# Hey!



## Breeza (Jan 28, 2007)

Hey everyone,
well im new here and would love to meet sum new ppl and helping and getting help from others about horses.
umm i am a 15 year old female and i live in Australia, ive been brought up with horses and have ridden since i could walk. for the first 7 years of my life i showed in English shows on my pony , then i moved onto a appaloosa who was fully western trained and rode western for about 6 years before deciding that i like english riding better. Last year i regreattable sold my appy, miss him so much but am now schooling my 5yo quarter horse for english showing. i also own a 2yo pinto Autsralian pony who i will show in led classes aswell.
i have a few other animals from dogs to lizards, i love camping, horror movies, AFL and meeting new ppl.
so i hope u dont think im to boring,
hope to here from u soon,
bye


----------



## [email protected] (Dec 8, 2006)

Hey Breeza, Welcome!


----------



## kristy (Dec 8, 2006)

Welcome :wink:


----------



## Our boyjack (Jan 21, 2007)

Hi Breeza

Do you have pics? I live in Aust too. I have just bought my first QH and I am breaking him in. Having a ball.
Who do you go for in the AFL?


----------



## mynameisntlola (Jan 8, 2007)

Hi.

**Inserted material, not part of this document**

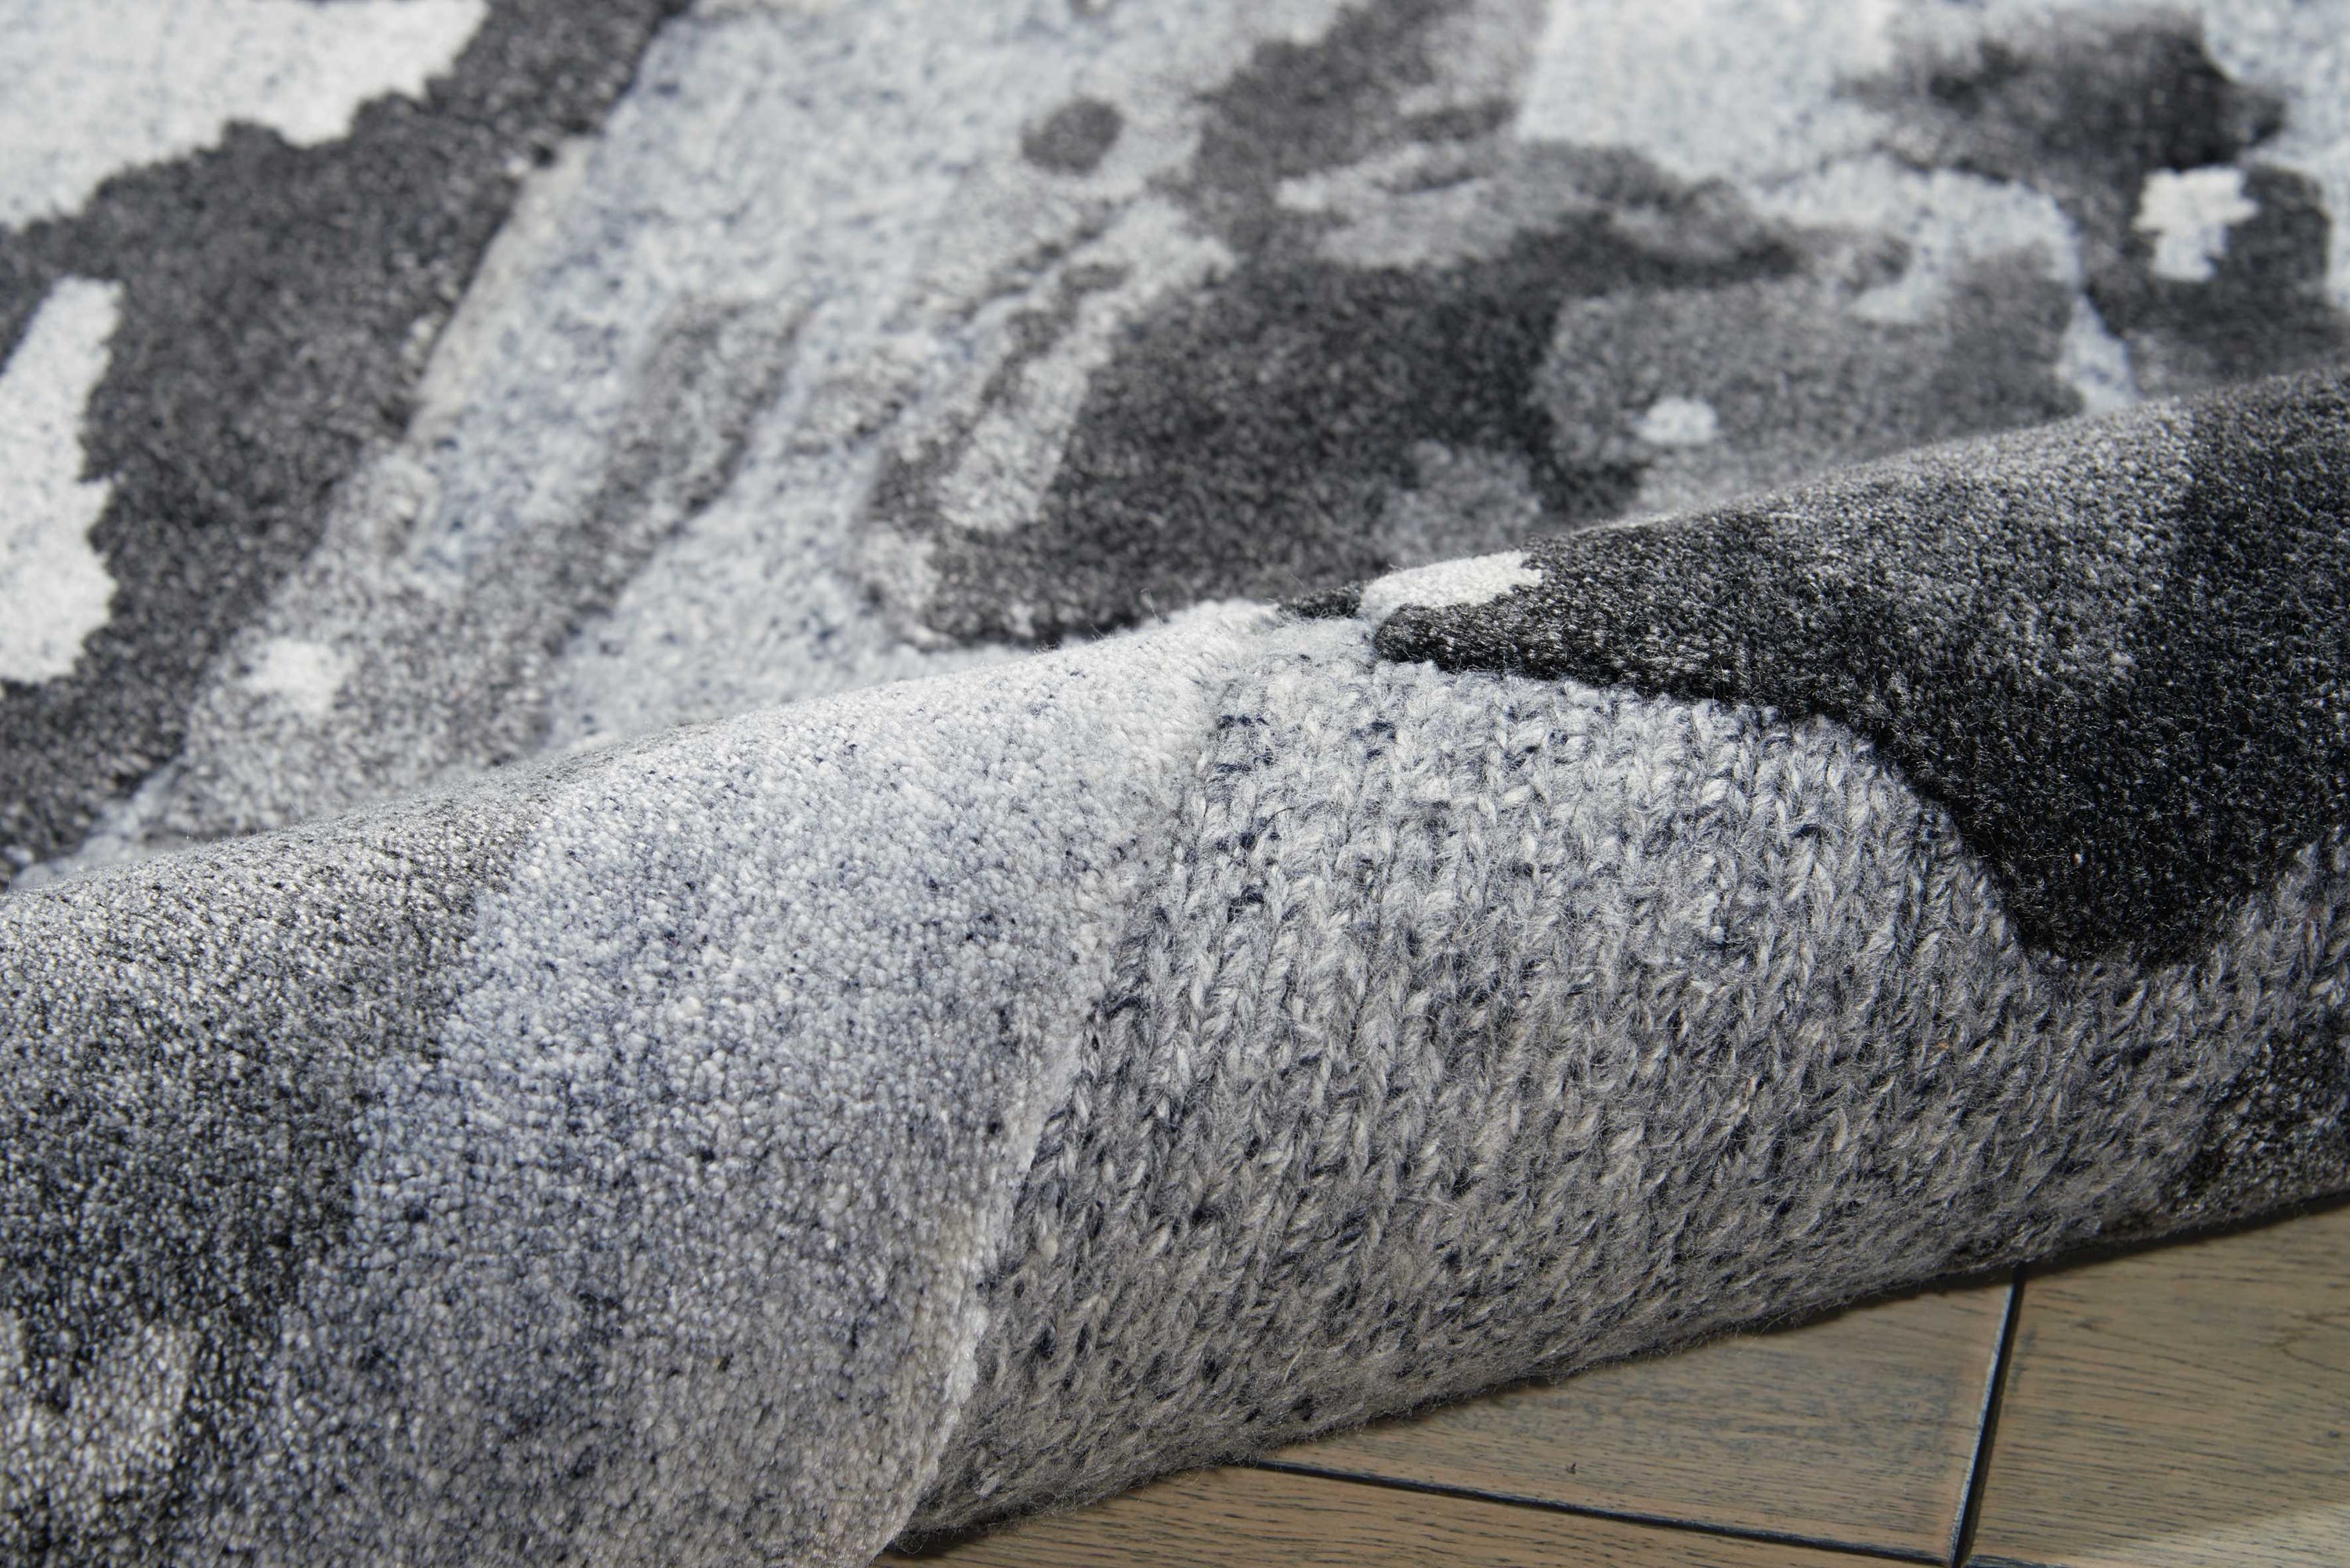 Close-up of a textured gray fabric with tufted yarns.

Welcome to the forum.


----------



## Friesian Mirror (Jan 11, 2007)

Hi and Welcome!!!! This is the second best place on earth!(sorry, but the barn is always first!  ) And of course we don't think you're boring!


----------



## Breeza (Jan 28, 2007)

Hey Our Boyjack,

umm yeah i have a pic of my horse, but it isnt very good. (and i have to resize it) ill be 

getting some new ones soon when hes back in work.

lol, q/h are great fun.

oh i barrack for Collingwood. lol

u?

talk to u soon


----------



## Buckskin Fanatic (Feb 1, 2007)

Hi Breeza! I'm new here, too. I spend a good bit of my time wishing I could visit your homeland!
Looking forward to seeing your horse.  
~ Mary


----------